Getting Started with Data Science
By Kim Nilsson, CEO Pivigo
I get asked for advice a lot. Advice on how to best do data science. This is not an easy topic to advise on, especially given the few precedents and limited sharing of best practice in a young industry. Hence, I thought I would share the top three dilemmas that I get approached with by tech executives, and the best practice solutions that I have come across.
- Build a warehouse and then start, or start immediately?
One of the first questions a tech executive is faced with is whether to spend umph millions of dollars on building out a Hadoop cluster/data warehouse/data lake (or similar expensive piece of kit) first, and then try to get value from the neat data pool, or to get their hands dirty straight away. As with all of my points here, I have seen both cases in roughly equal measures.

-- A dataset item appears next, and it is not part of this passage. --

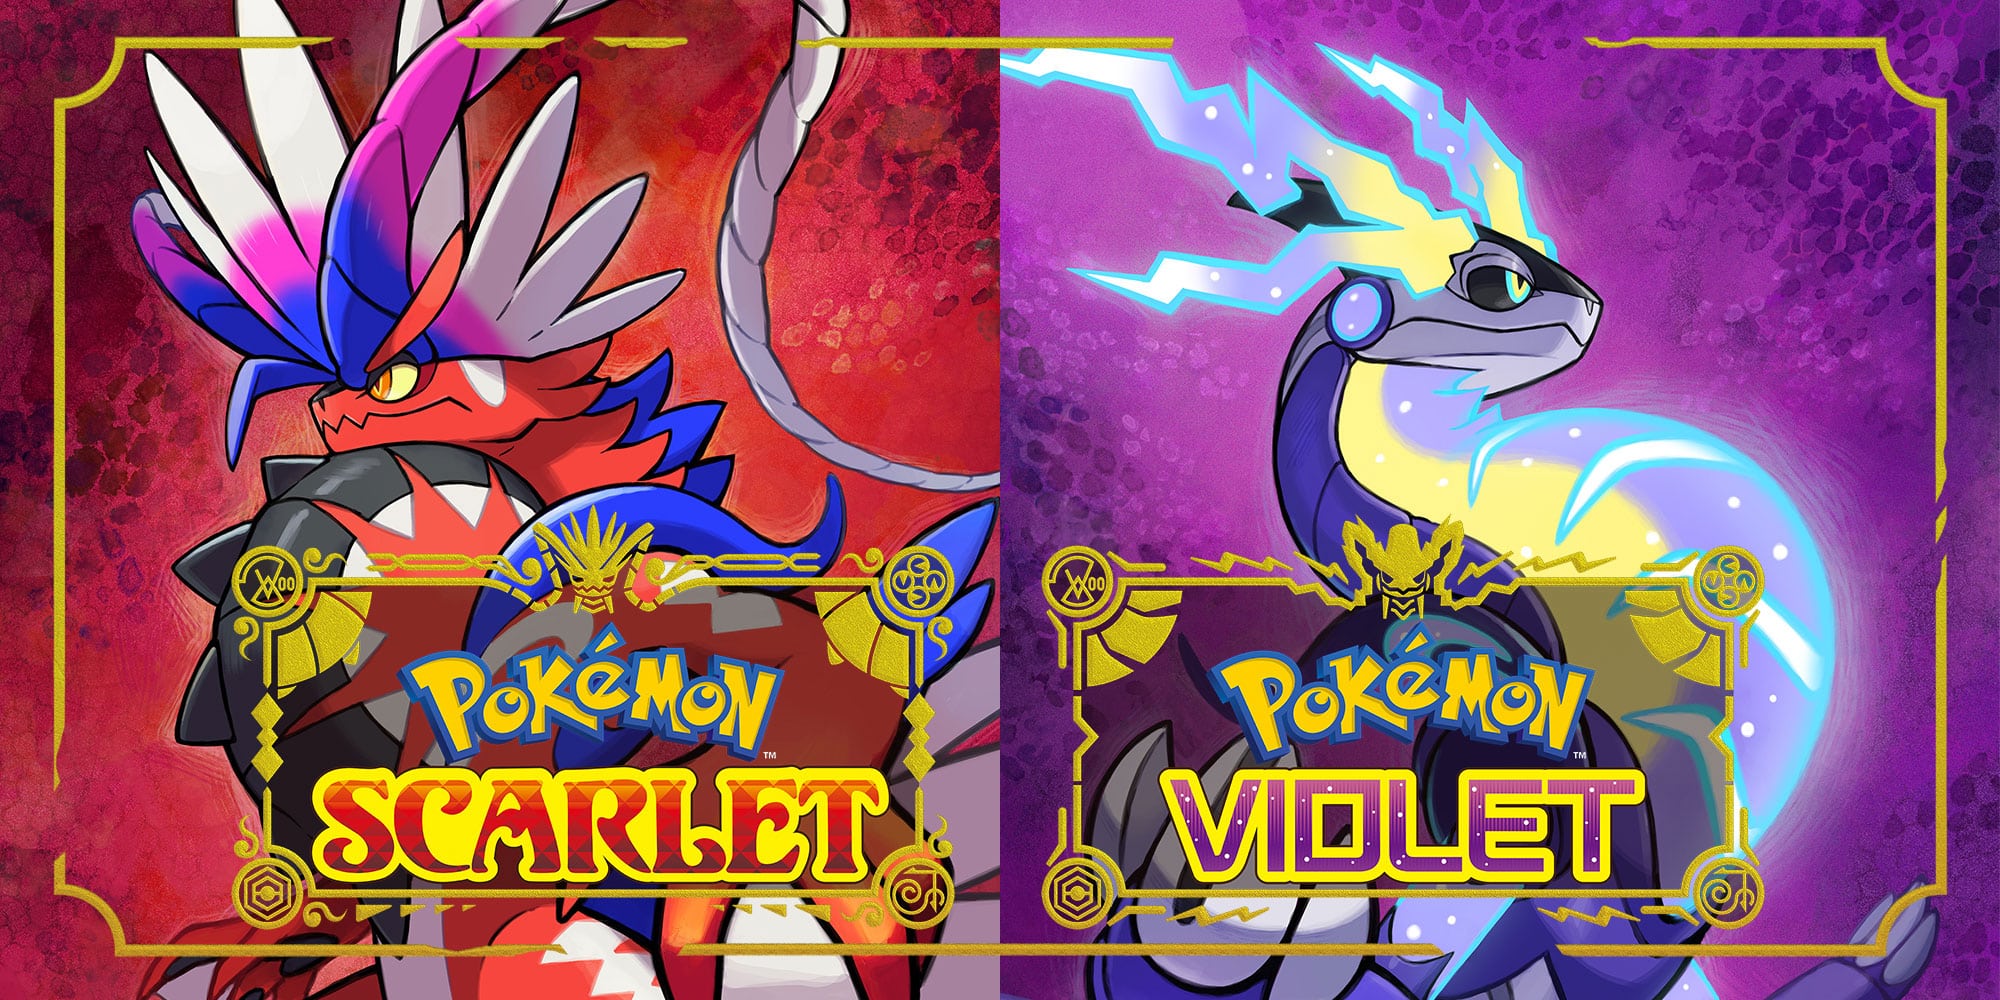 Pokémon Scarlet and Violet: An Honest Review

Whereas it is tempting to want to have all the technology in place before letting analysts lose on the data, after all it is makes sense to, for example, make sure you have all the ingredients for a recipe before starting to cook a dish, it may not be the best idea in this case. Why? Well, for one, you are wasting time. Building a warehouse solution can take months, if not years, and in the meantime your competitors are optimising their businesses and launching new products and services. Furthermore, the optimal technology solution may not be clear from the start. Your first, small projects will already deliver value, and give you guidance on whether you are heading in the right direction.
Tip 1: Don’t wait! Get started straight away, even if it is just with proof-of-concepts, exploratory analysis or prototypes.
- Hire one, or hire a team?
So you want to get started, but now you need to decide, do I hire one experienced, talented, expensive superstar data scientist (a.k.a. unicorn) or do I spend my budget on a team of junior data scientists that can work together? Well, the advantage with an experienced hire is that you have lots of precedent of their work, and they can possibly get up to speed a little bit faster with your business needs. The disadvantage is that they can be set in their ways, i.e. try to fit your problem into their solution, that they come with one skillset and that they are incredibly hard to find and thus expensive.
The best solution in my book is thus to go for a small team of less experienced, but talented and motivated individuals with diverse skill and fresh mindsets. A team of three already allows for a good coverage of all necessary skillsets, e.g. a person more focused on coding and databases, a person focused on stats and analytics, and a third person with visualisation and reporting skills. Taking people younger in their careers typically means they will work that bit harder to prove themselves and learn, and they will strive to quickly become productive team members.
Tip 2: Hire a team of three younger data scientists with diverse skillsets.
- Centralised, or integrated teams?
Congratulations! You are now the proud manager of a data science team. Next big question, where to put them? Do we keep them close together, in one “data taskforce unit”, or do we send them out on secondments to different business units?
Keeping the team together ensures that learning and best practice quickly spreads, incentivises collaboration and increases motivation. It will also allow you to manage the team’s resources better, and combine skills on projects. On the other hand, it can certainly complicate communication with stakeholders outside the team and there is a risk of resentment towards a perceived “ivory tower” of knowledge and power. Placing team members in different business units risks lowered motivation and shared learning, but can facilitate the learning of domain knowledge and result in better communication. There is no one solution to this question that will work for all, but it is important to be aware of the challenges around team placements, and to put structures in place that counteract them.
Tip 3: Look for a hybrid team organisation, with a good mix of internal support and mentoring within the data science team and open communication lines with the rest of the organisation.
To summarise, if your organisation is not making good use of its data today, you will be in trouble tomorrow. Sooner or later all organisations will need to become more data driven, and those that start earlier will have the advantage. It is not easy to get started, but there are tools and services available for those with the right level of commitment. Start now, build a team of diverse skills, get advice on how to manage teams of data rockstars join the data revolution.